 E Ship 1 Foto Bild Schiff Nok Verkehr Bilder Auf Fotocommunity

* * *

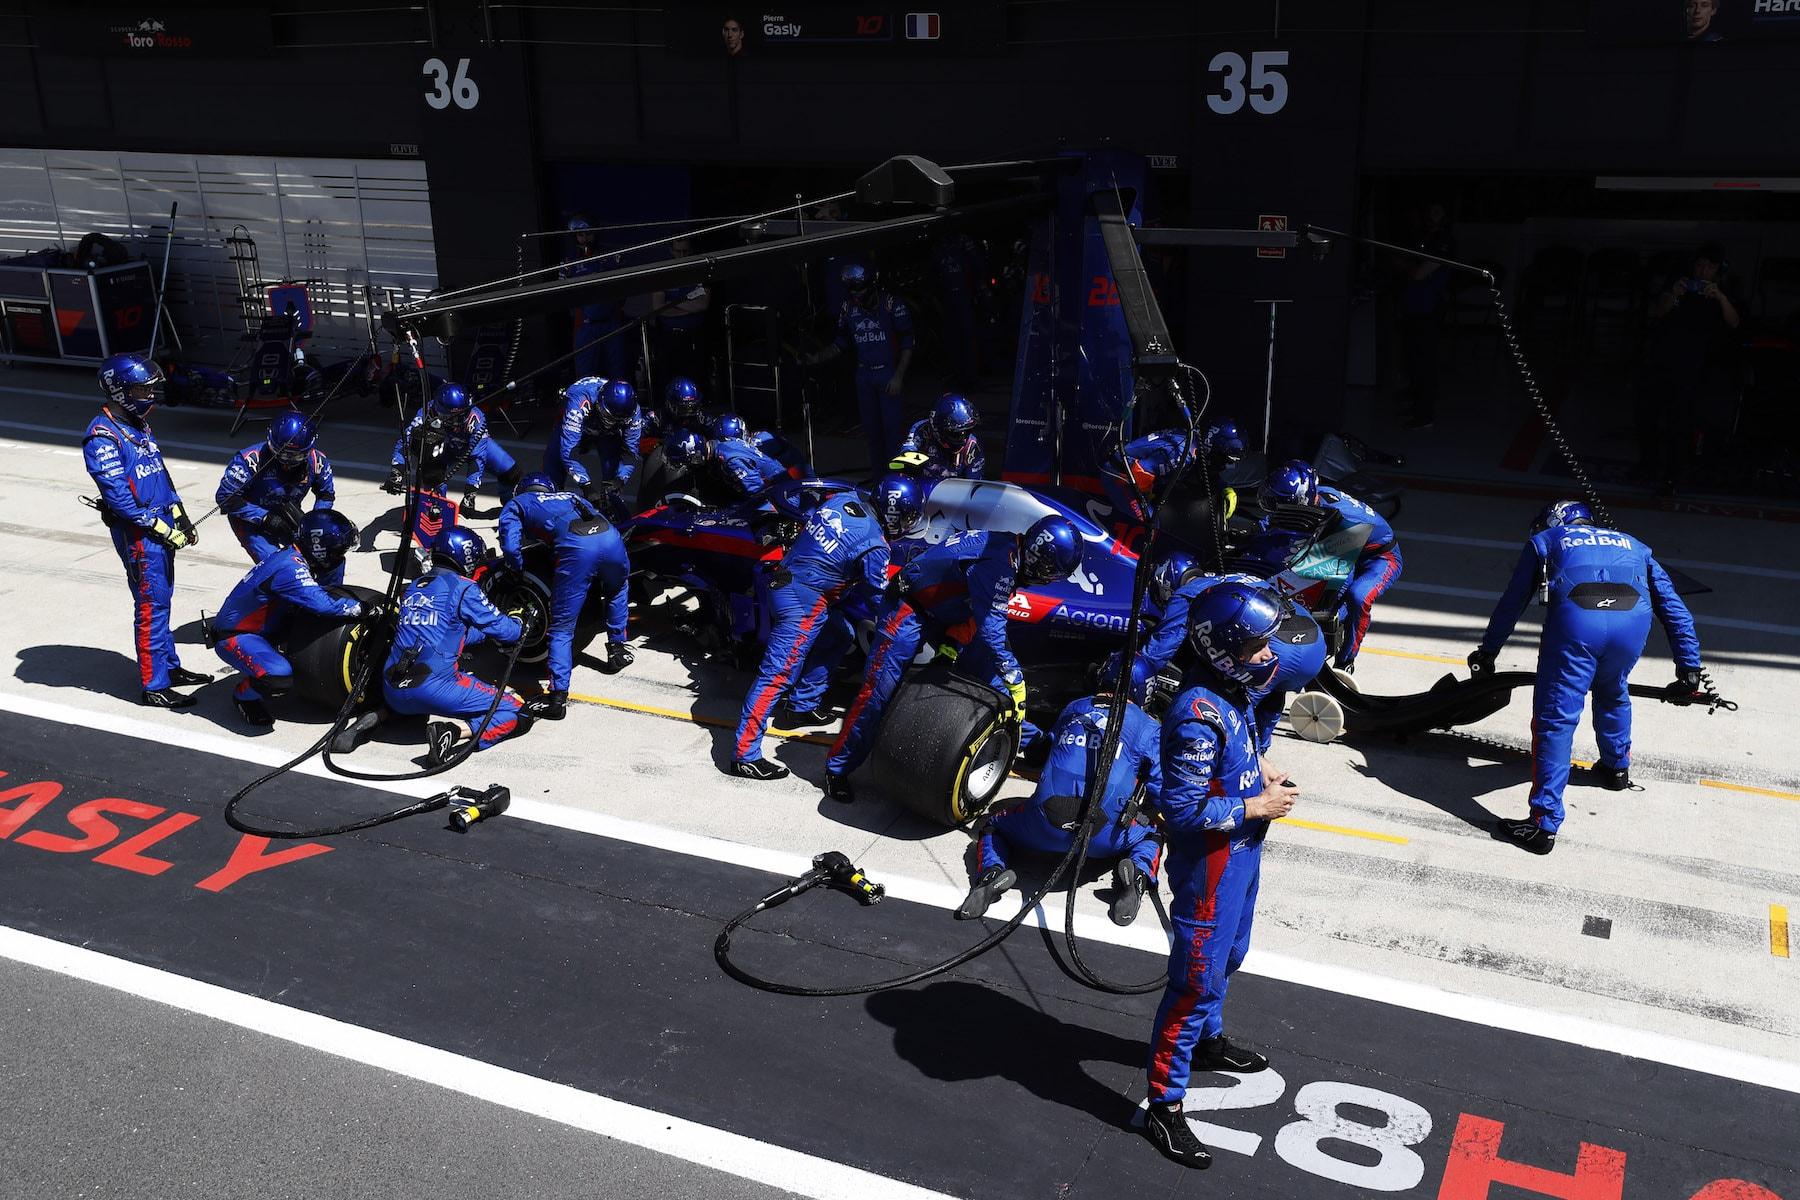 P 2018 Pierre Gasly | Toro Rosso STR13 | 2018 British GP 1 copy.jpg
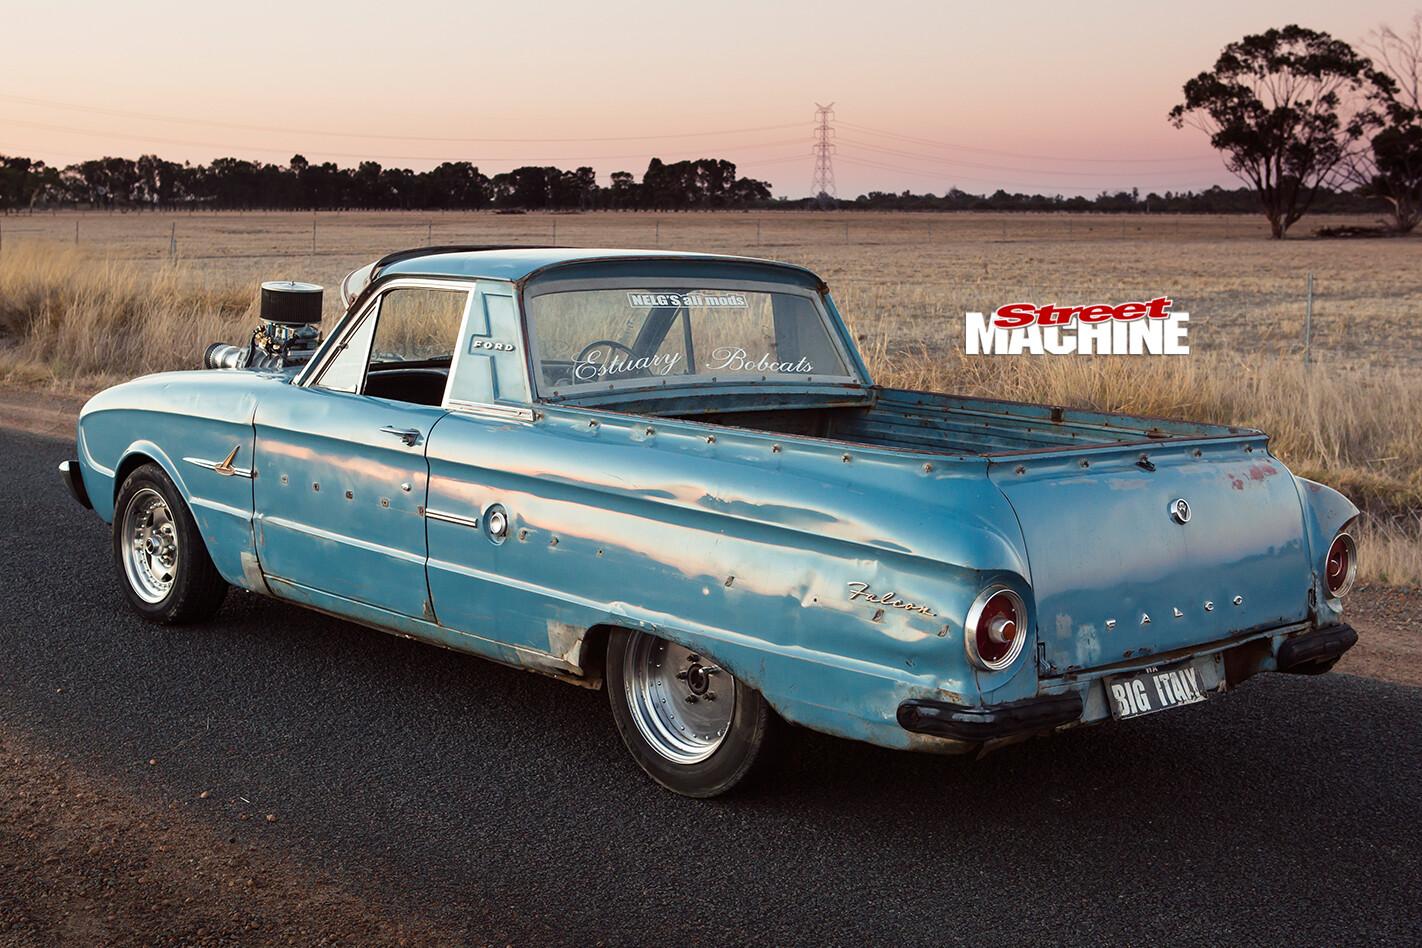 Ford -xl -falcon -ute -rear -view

==

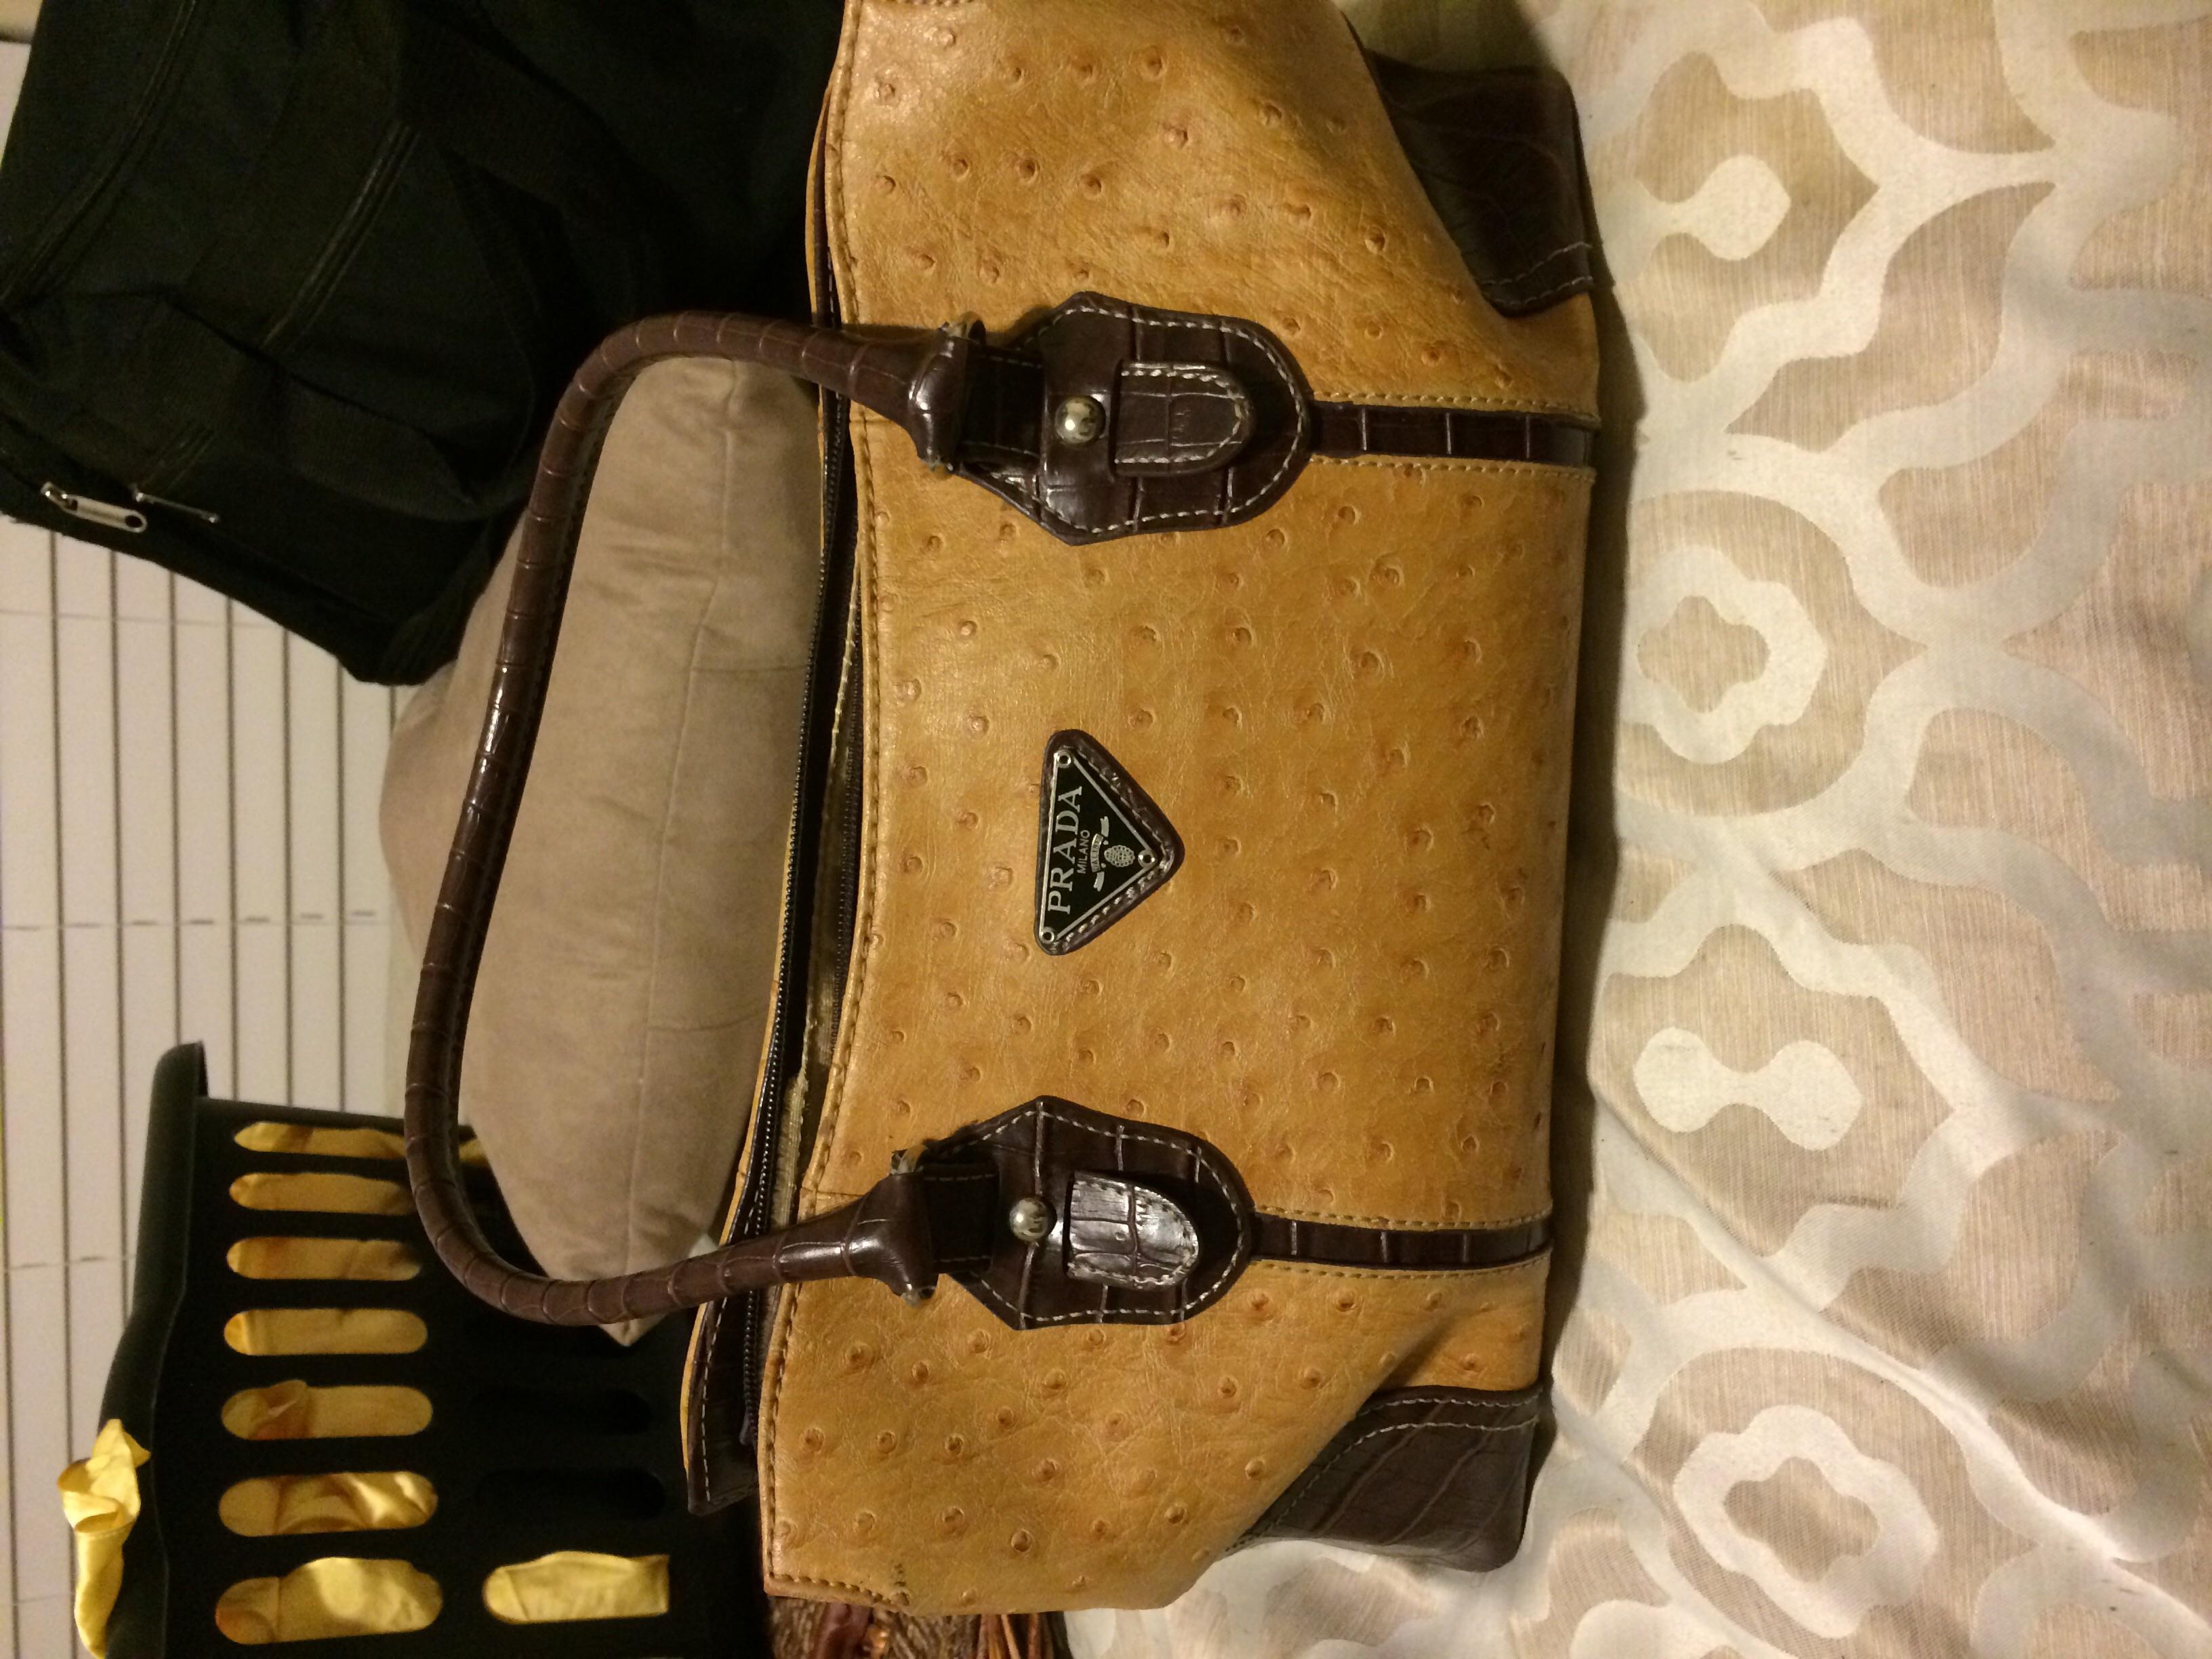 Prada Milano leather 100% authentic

*Action item*
With the pictures removed, print only the lines starting at the line that has "P 2018 Pierre" and ending at the line that has "Ford -xl -falcon -ute -rear -view", both ends included, exactly as they stand above.

*Output of the task*
 P 2018 Pierre Gasly | Toro Rosso STR13 | 2018 British GP 1 copy.jpg
 Ford -xl -falcon -ute -rear -view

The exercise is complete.